Конечно, бывают и обиды на провинциализм окружения, точнее, недоумение. Не понимаю нашу городскую верхушку… То ко мне приезжают питерские телевизионщики, съемочная группа из Германии, то меня зовут организовать выставки и презентацию журнала. Но власти нет дела до такой мелочи, как «Введенская сторона». Я несколько раз обращался в администрацию за копеечной помощью – даже не удосужились ответить. А ведь имели бы возможность примазаться к нашей славе (смеется).
…Друг моего взрослого сына как-то сказал ему, что знает только одного счастливого человека. «И кто же это?» «Твой отец. У него все есть, что для жизни нужно». Наверное, он прав: я проживаю в этом городке сразу несколько жизней – педагога, художника, редактора. И, вроде, получается.
Как я был натурщиком (рассказ корреспондента)
Никто никогда не рисовал моих портретов. И вот на уроке, где я был гостем, учитель сказал, что сегодня ребята будут рисовать меня. Сразу девять портретов моих нарисуют, обрадовался я – ведь в классе было пять девочек и четыре мальчика.
Учитель разрешил мне спросить у ребят, что захочется. Я решил спросить сначала про Петербург, а потом – про их учителя, Николая Михайловича. В Петербурге почти все бывали с родителями. Одному мальчику запомнился Макдональдс, другому длиннющие автомобили – лимузины. Про достопримечательности одна девочка сказала, что это трамваи и еще музей, но названия она не запомнила.

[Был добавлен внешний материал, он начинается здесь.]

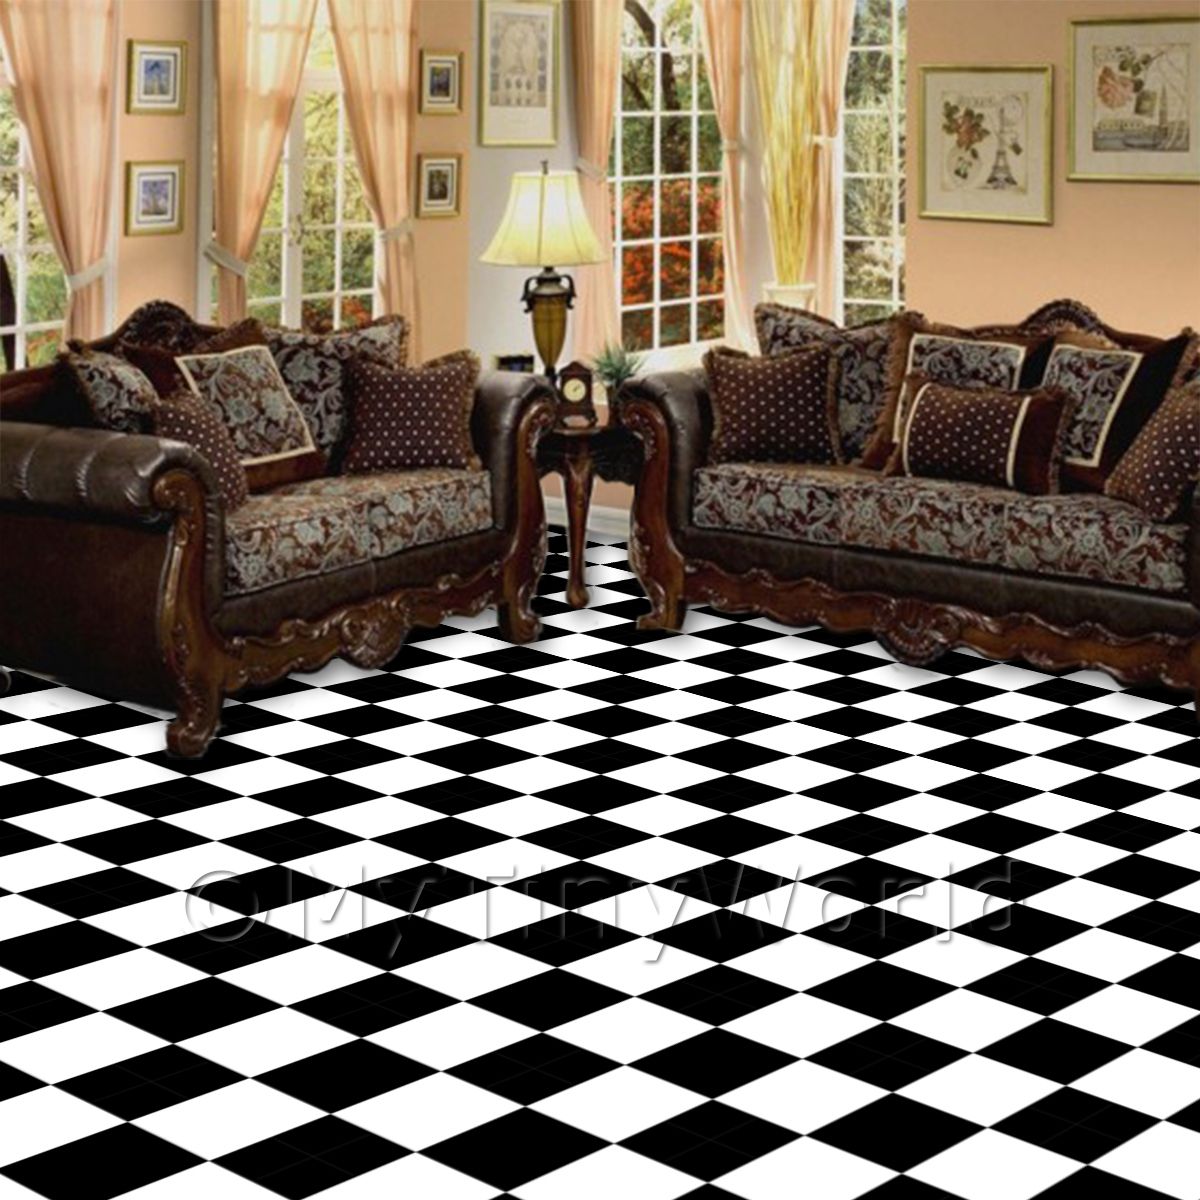 1:48th Classic Black And White Checkerboard Design Tile Sheet

Когда я спросил у ребят, какой их учитель, все закричали наперебой: Добрый! Веселый! Хороший! Красивый! А одна девочка, когда все замолчали, сказала: Вдохновительный! Мне очень понравилось это слово. Удивился я только, что никто не сказал, что Николай Михайлович – бородатый. Как и я. А вдруг и моей бороды кто-нибудь не заметит, и я получусь не похожим на самого себя.
Николай Михайлович показал ребятам, как нужно положить листок, чтобы вся моя голова вместе с бородой поместилась. А потом спросил, как называется рисунок, над которым они будут работать. Восемь ребят собрались рисовать портрет, а один мальчик – натюрморт. Но и у него все равно потом получился портрет. Правда, лицо у меня там зеленое. Видно, не совсем он раздумал с меня натюрморт рисовать.
Владимир ПЕТРОВ. Фото: Александр БОТКОВ.
«Русский Меценат» № 2, декабрь 2008 г.